▸ **Task item**: Reproduce all of the data below without alteration; exclude every picture.

▸ **Dataset content**:
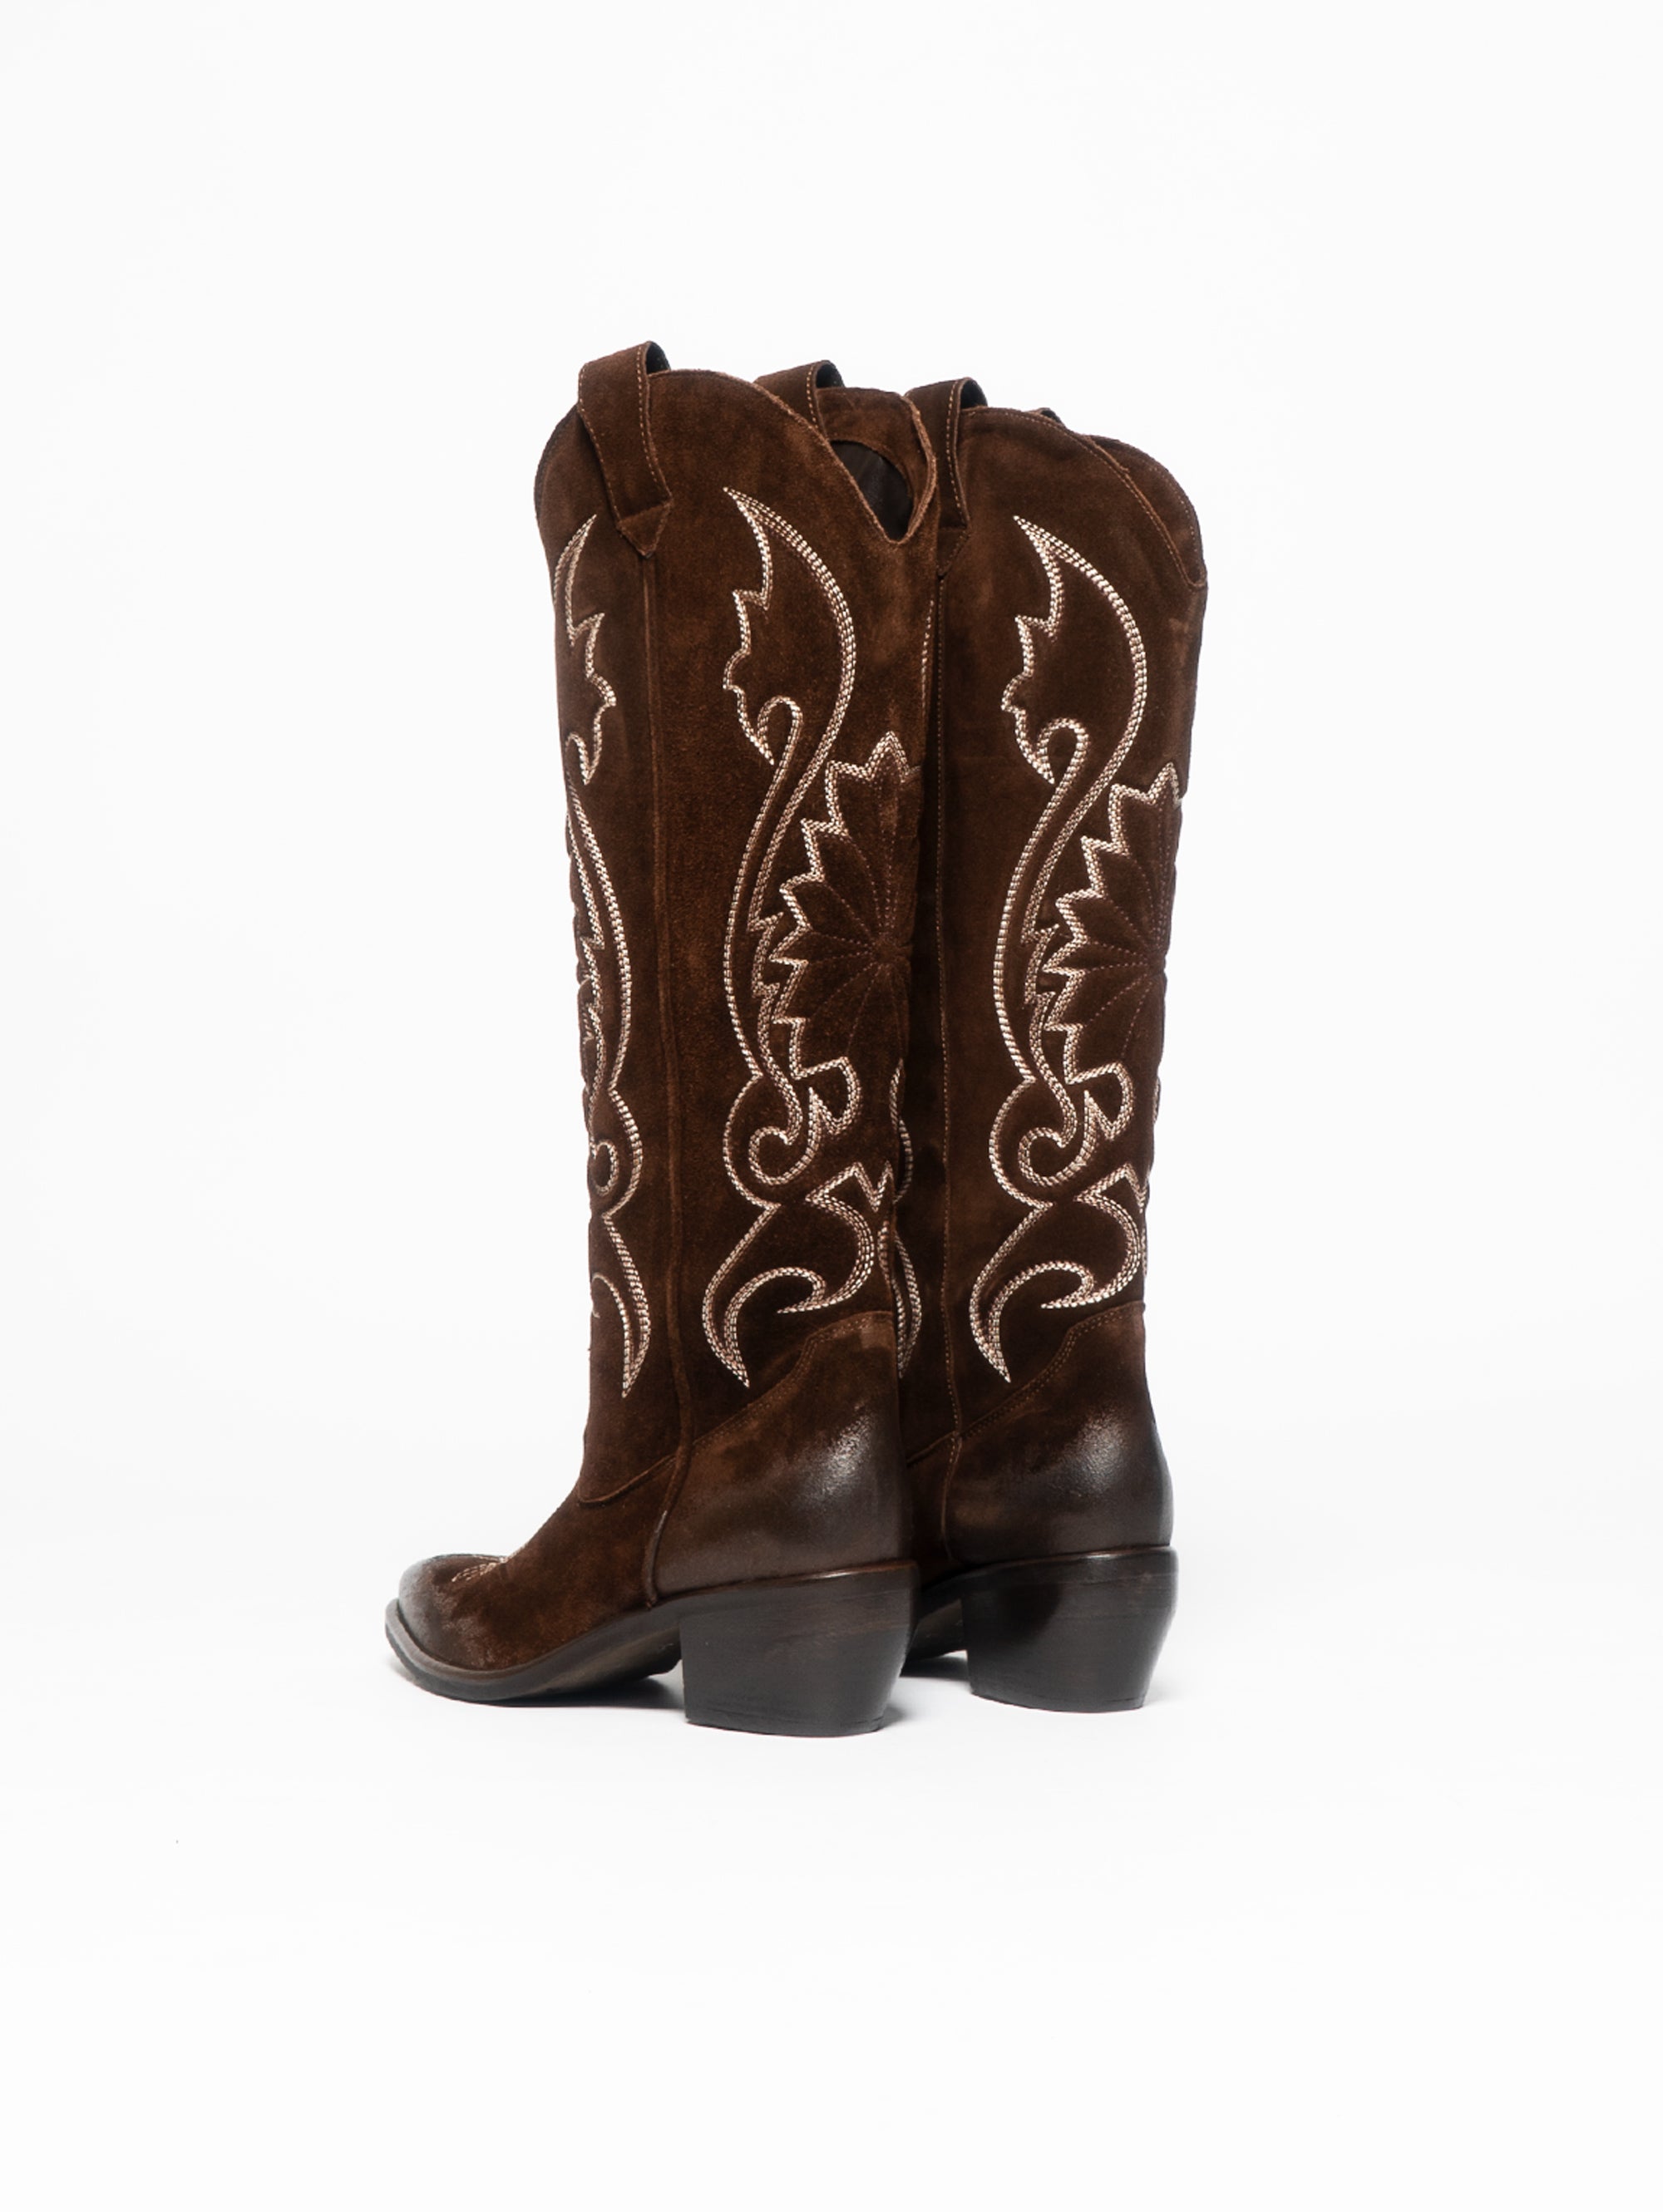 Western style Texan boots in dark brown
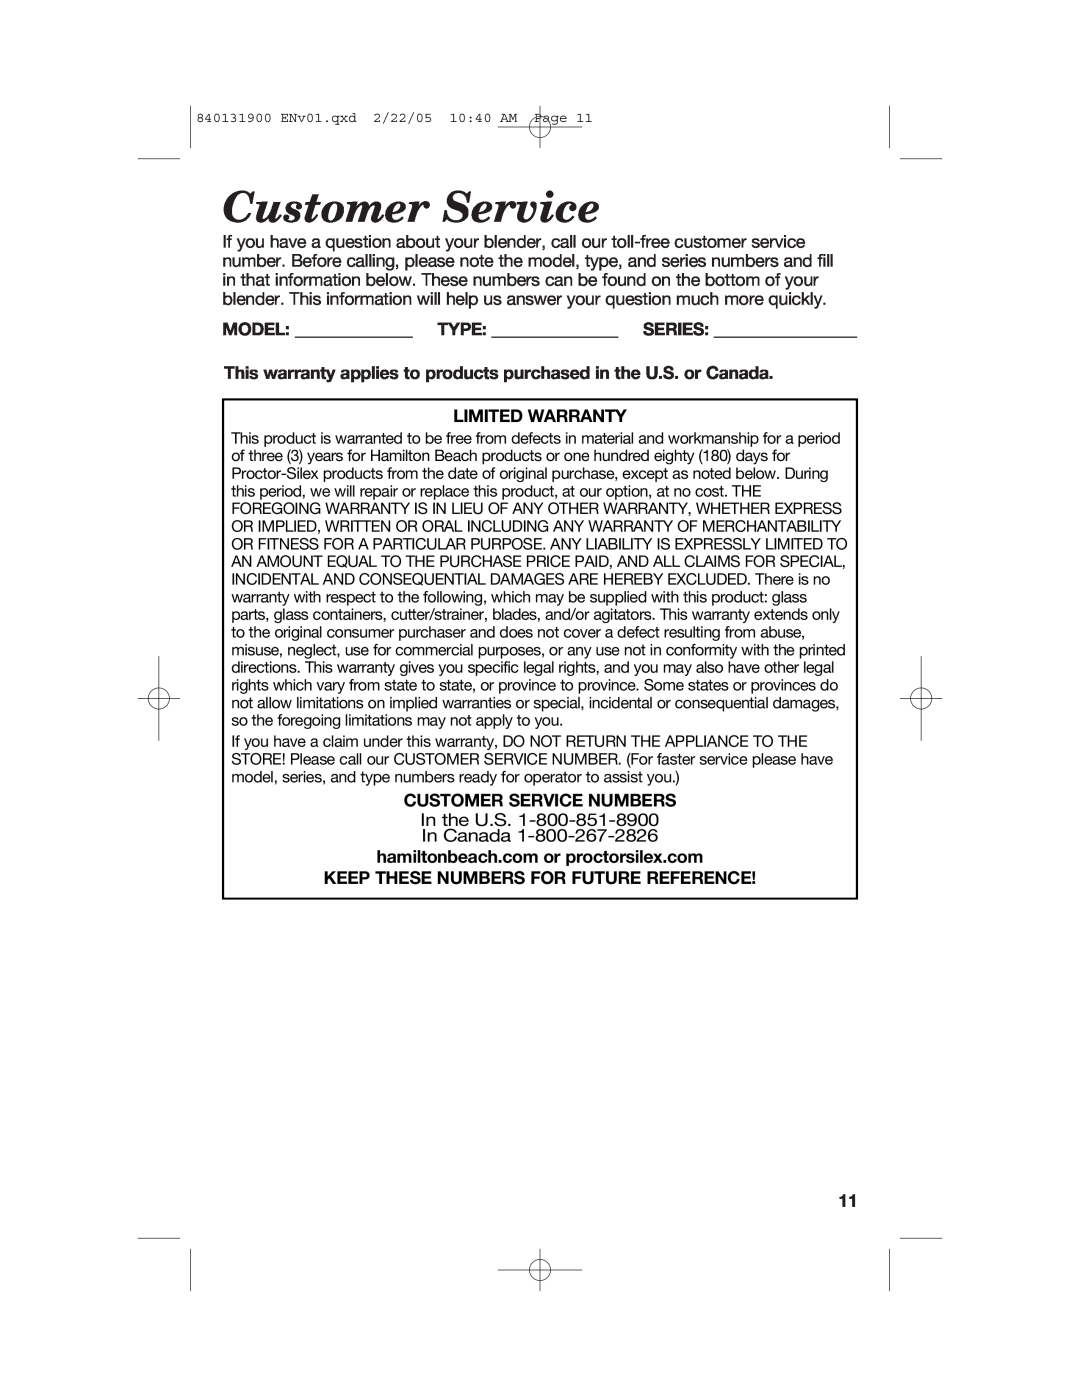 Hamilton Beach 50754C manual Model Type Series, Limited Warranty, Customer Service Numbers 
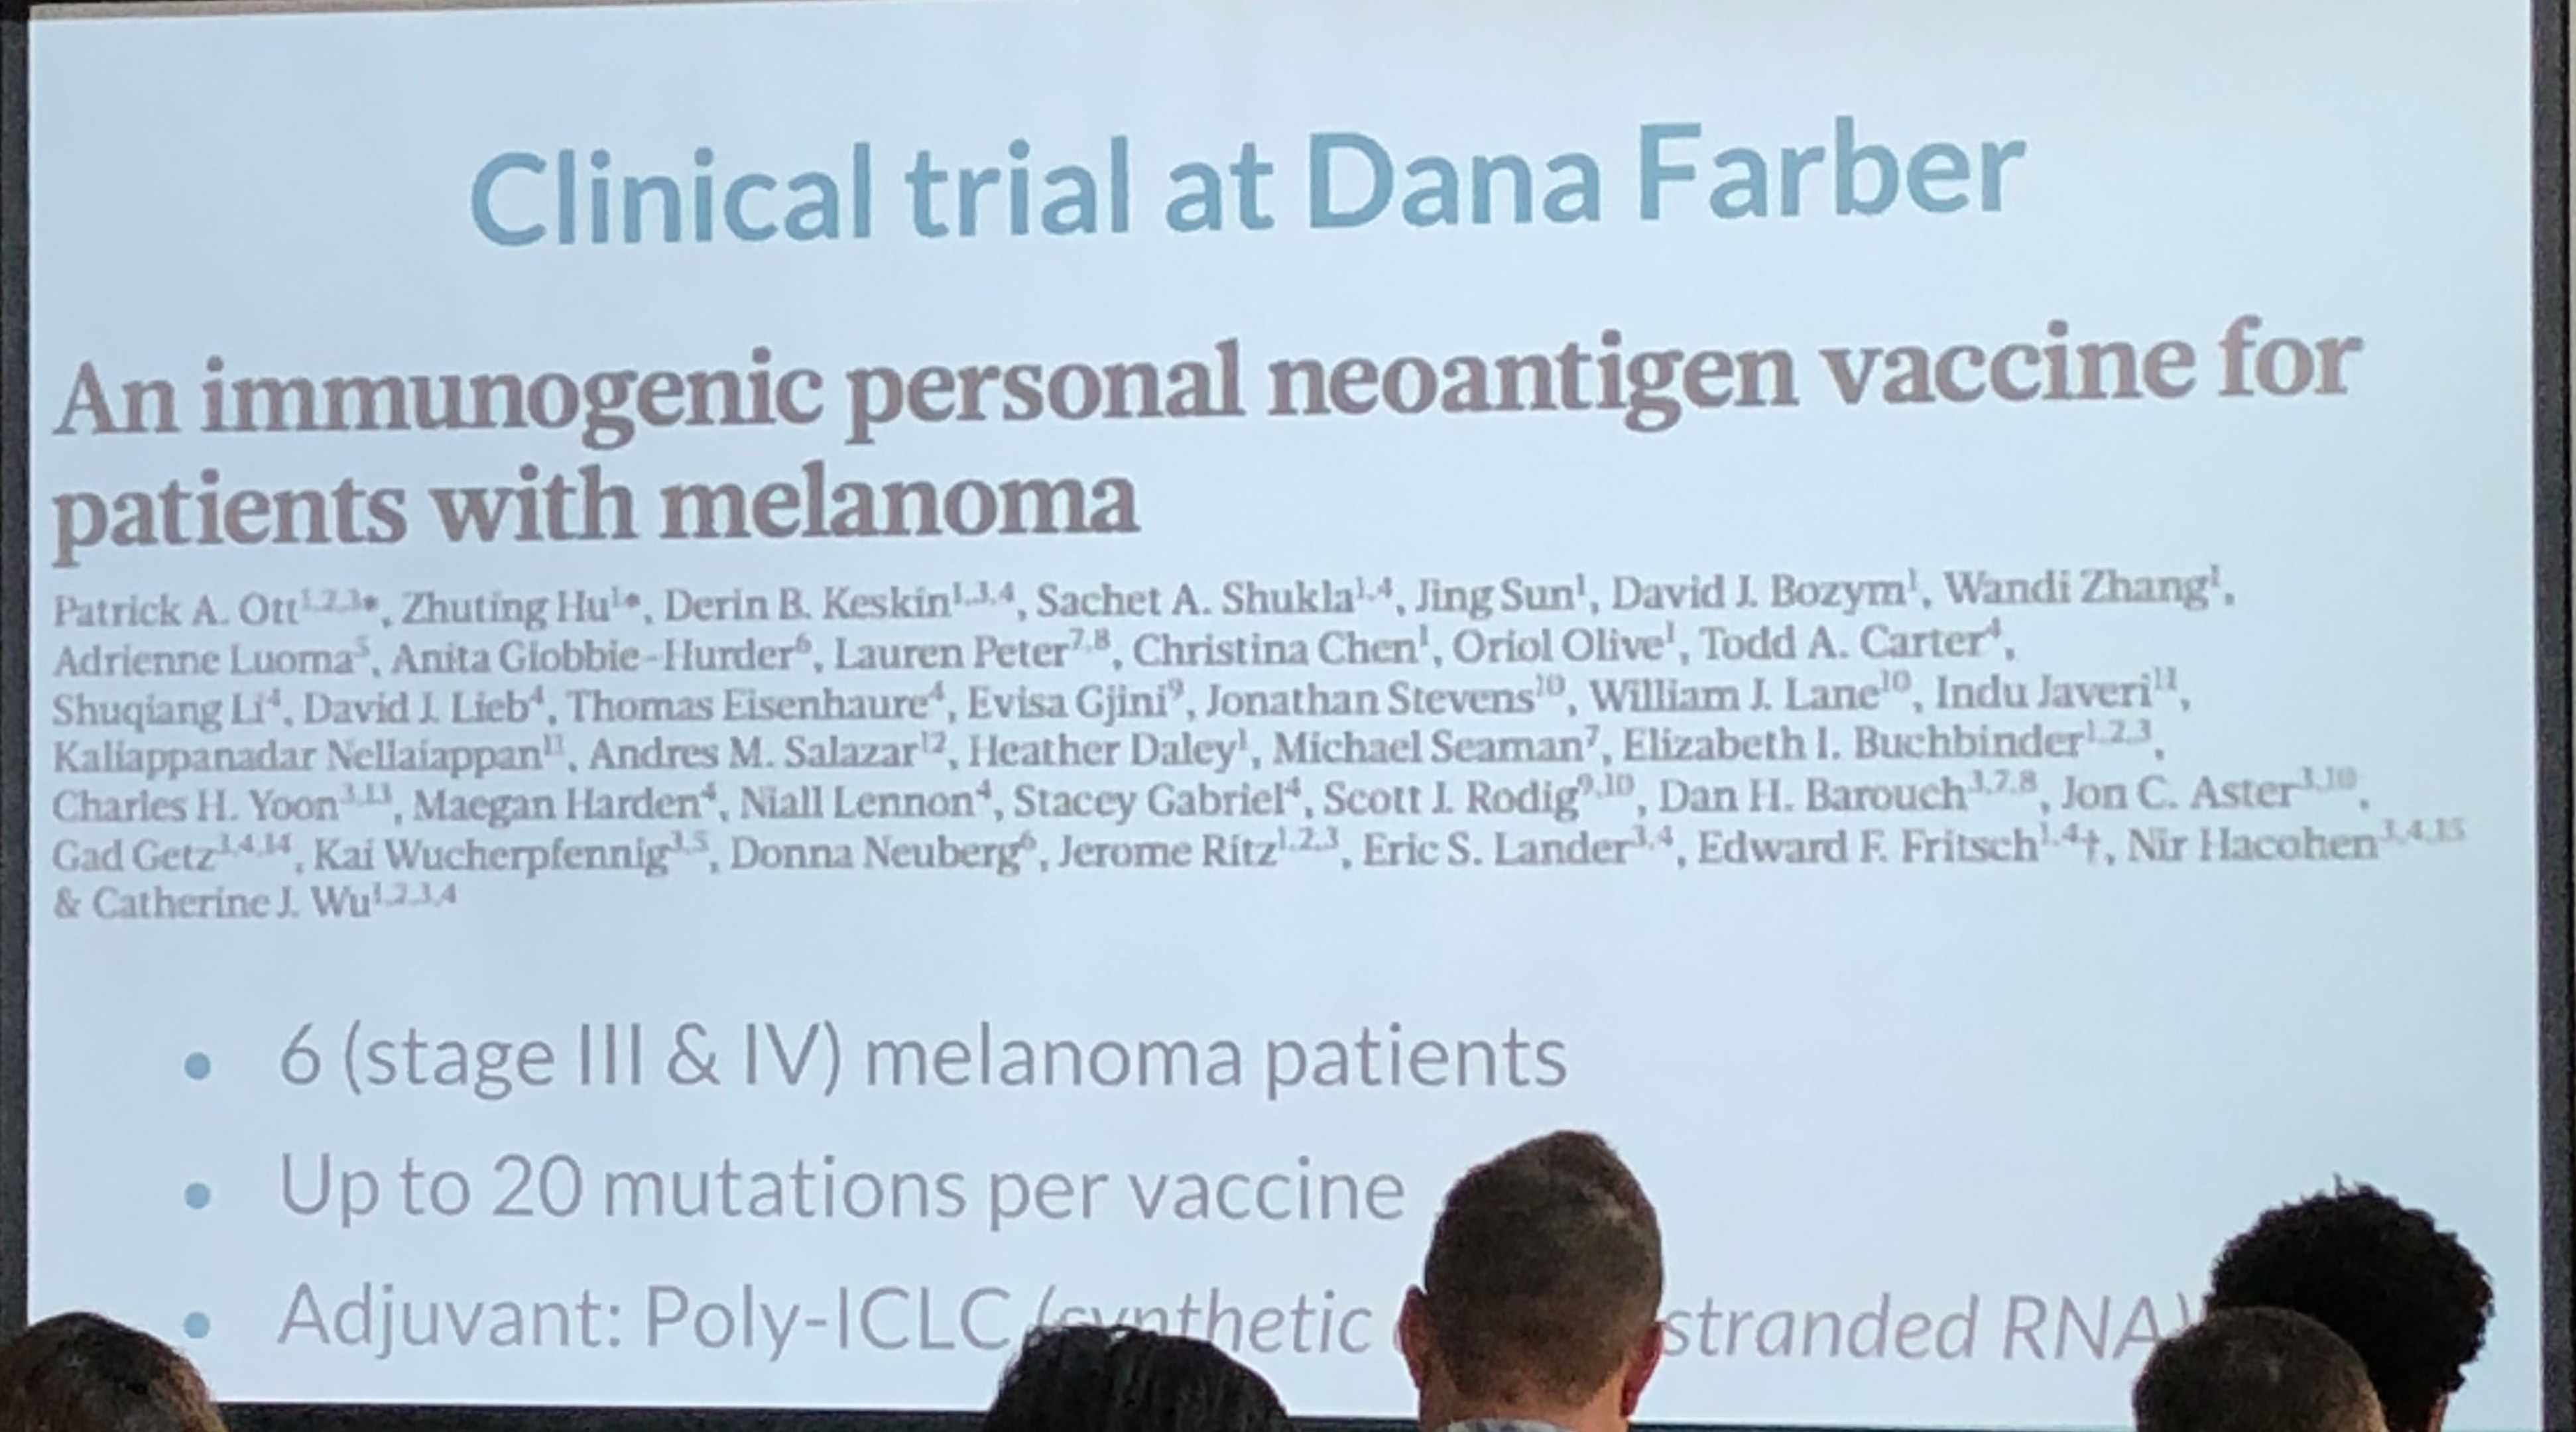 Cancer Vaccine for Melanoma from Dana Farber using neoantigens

▸ **Solved exercise**:
 Western style Texan boots in dark brown
 Hamilton Beach 50754C manual Model Type Series, Limited Warranty, Customer Service Numbers 
 Cancer Vaccine for Melanoma from Dana Farber using neoantigens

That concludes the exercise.